I'm Done For, You Know?

No rude comments. Don't waste your time, I won't even look at them if they're rude. Any other comments accepted!:)
I'm just done for, completely. I mean, it's like stretching an elastic band till finally it reaches breaking point. And then bam, it breaks. That's me. That's my life. I've finally broken, and I really can't take anymore sh*t. Yeayea, everyone around me saying 'why can't you get better?' or 'you can get better if you want. You just don't wana*'. If ONLY it was that easy. But you'll never get it till you've gone through depression and what I've gone through.
It feels like I'm floating, you know? Everything's so surreal. I don't feel or eat or talk. Just sit there feeling nothing. I'm isolated. It's so dreamlike, yet there's one thing that gets me back to reality. Cutting. Don't you dare nag me bout that.
Then there's school, and everyone else. And when I think of them, bam. Anxiety attacks. I don't seem to identify why I feel like this, or what caused it. I don't care anymore.
You know, depressions become my comfort. My rock. Without it, maybe I'd die.
Don't call me selfish, yeah? Not like society considers ME before anything.
strongwarrior strongwarrior
18-21, F
3 Responses Jan 14, 2013

To me, cutting is the only thing that makes me feel alive now. Everything else is like an illusion. Counsellors say they understand, most of the time they do not. Only fellow cutters would understand.

Yep. Exactly true. Only someone who's been through this would ever understand. I know, everything just seems so surreal you know? I can't live without it at all x
Thanks!:)

You're not selfish. You're just in much pain and fighting it as you can. Even if it's in a damageable way, the fact that you're still fighting is actually a sign of courage and hope. I know you may not be convinced of it but it's true. I've been here too, I swear it will improve in the future if you hold on long enough. Remember to breath.

Awwwhhhhhh, that's so sweet! :')
Thank you so much. People like you get me through the day x
I'll try.
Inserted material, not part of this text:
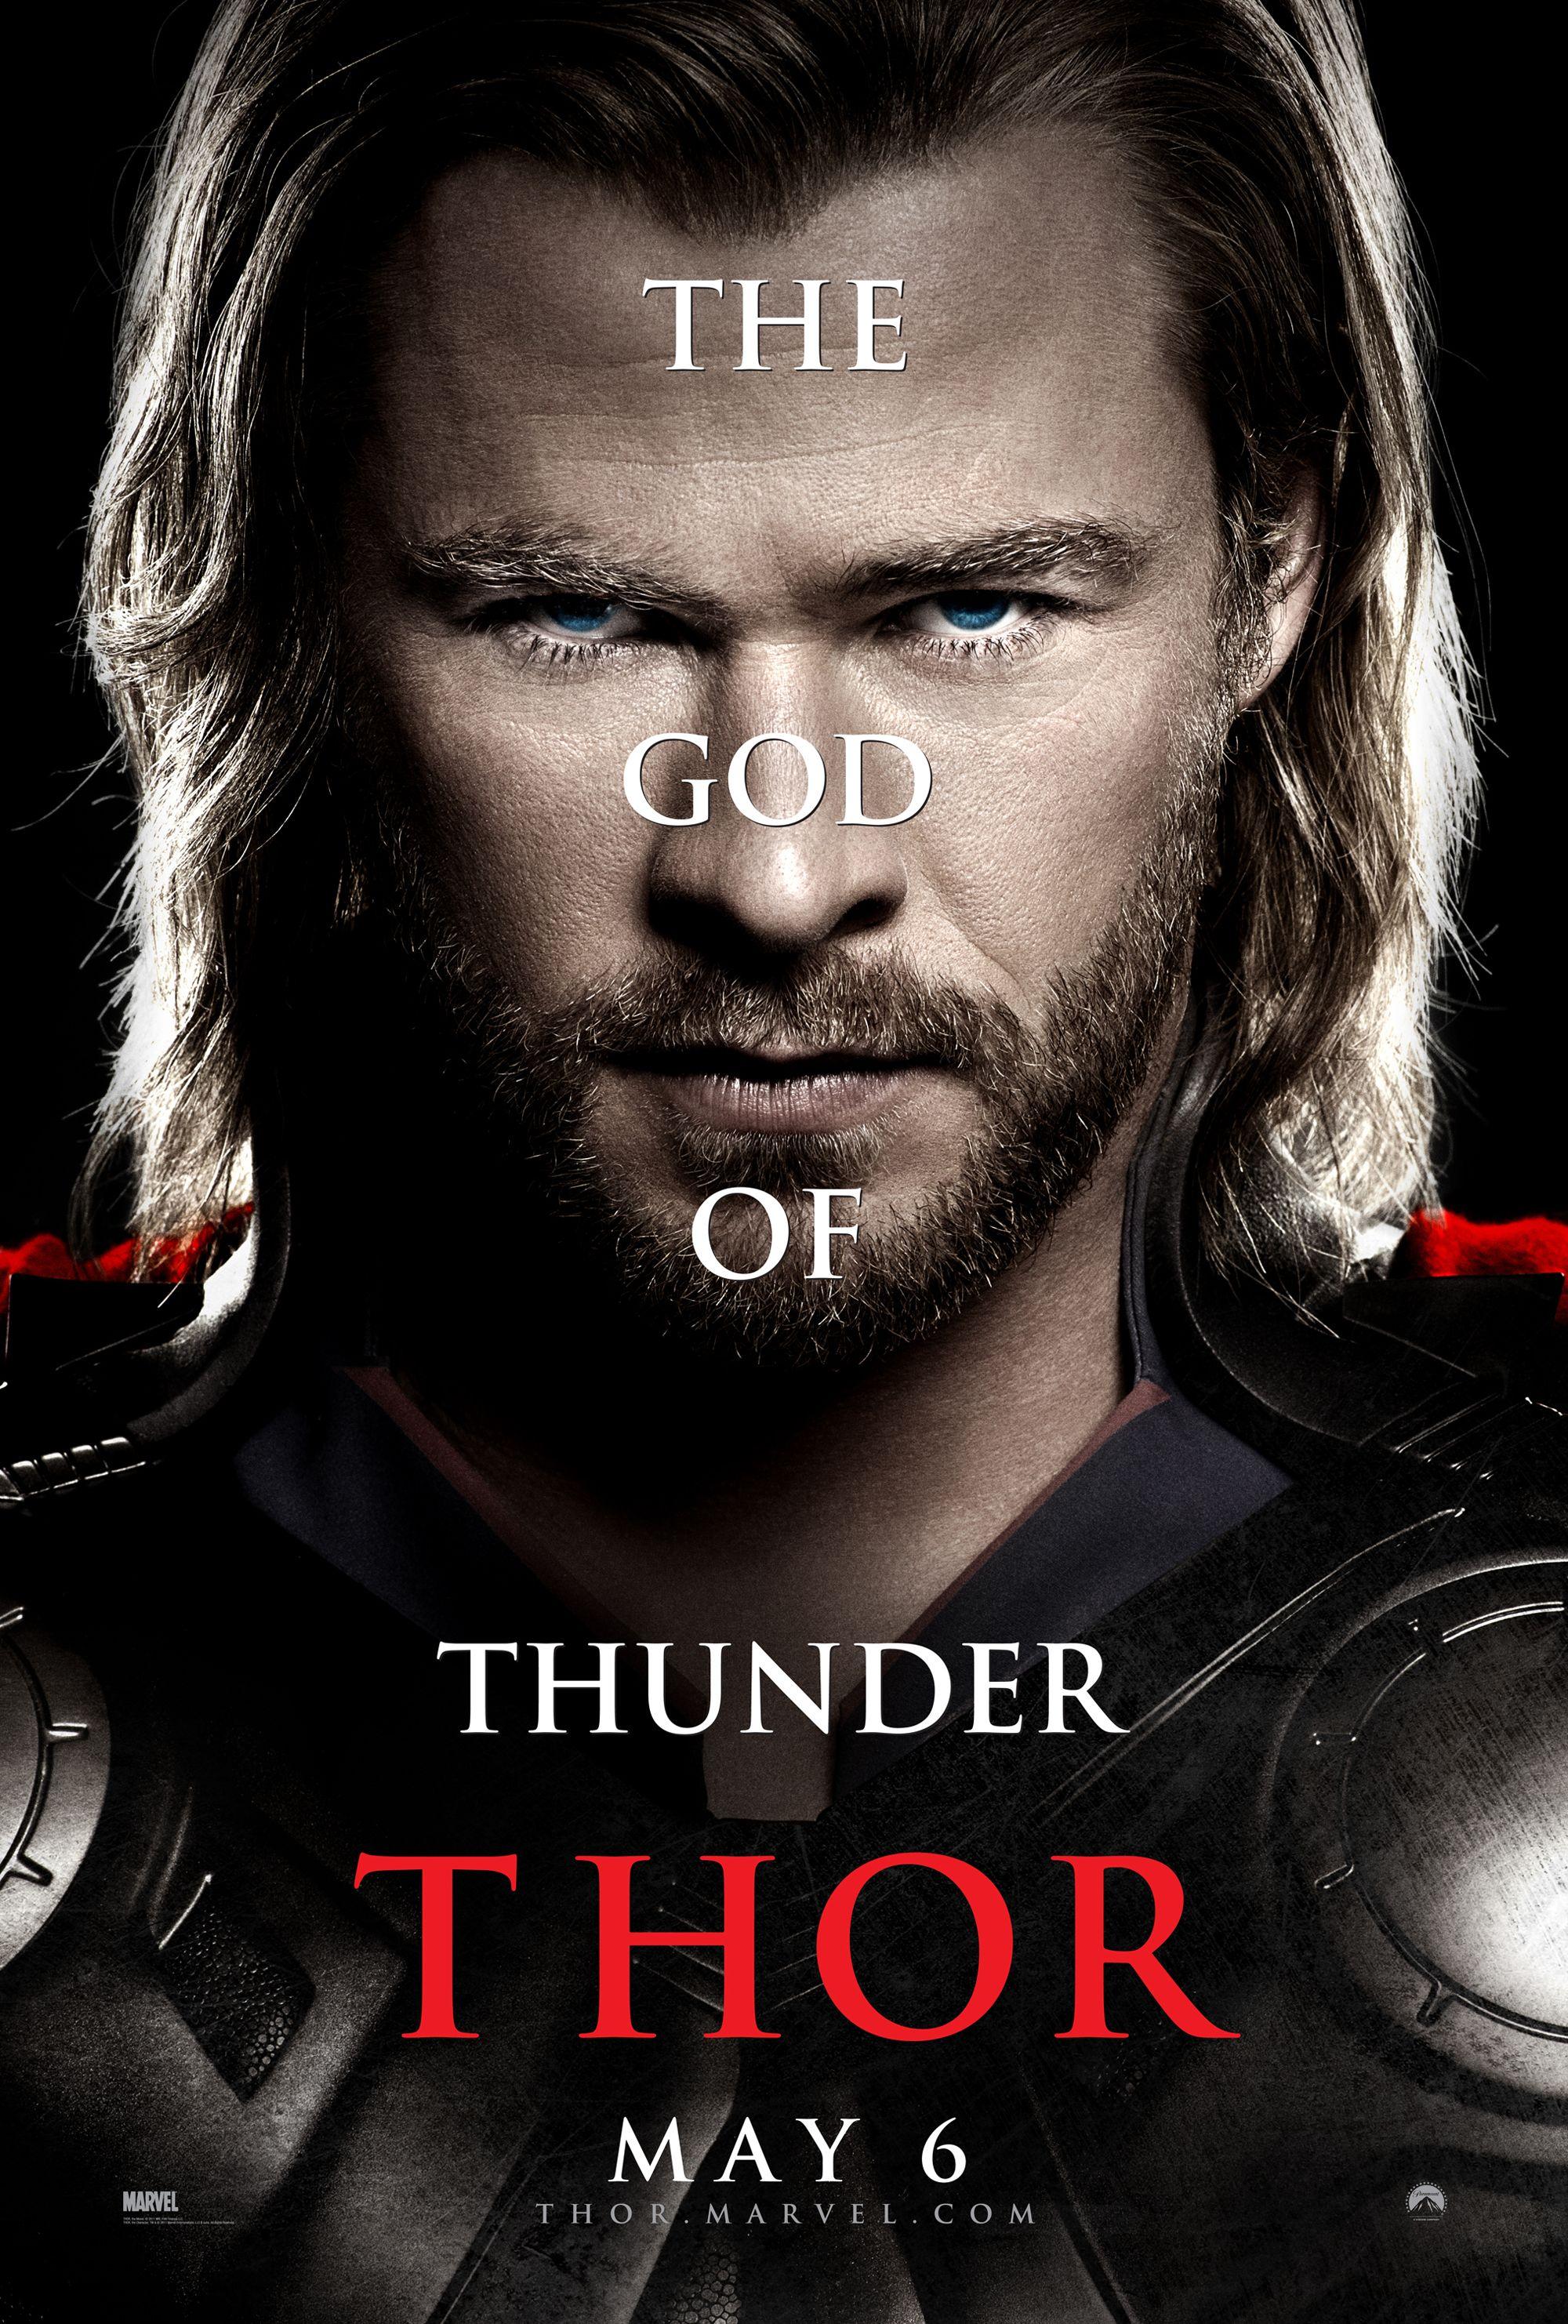 thor movie poster. Thor movie poster.jpg

Sucks, but I'm still holding on I guess :/

When I was reading your post, I was thinking "damn, that is me". And I honestly believe...that's very sad.
People don't understand, I don't think they will... but after all I have hope on people like you and me and...all those out there.
Cause this is the only thing we have, you know? The only thing that brings us to the reality. Yeah, is not the best way to keep you feet on the ground but is the only way we know.

EXACTLY. Oh my God, you just literally told my life story.
Thank you so much. I don't even know if I can ever stop this habit.
Anyways, thanks :) means a lot x

I felt the same way reading, I hate what I need to do to keep me alive but I have to use it, the only thing I have is that.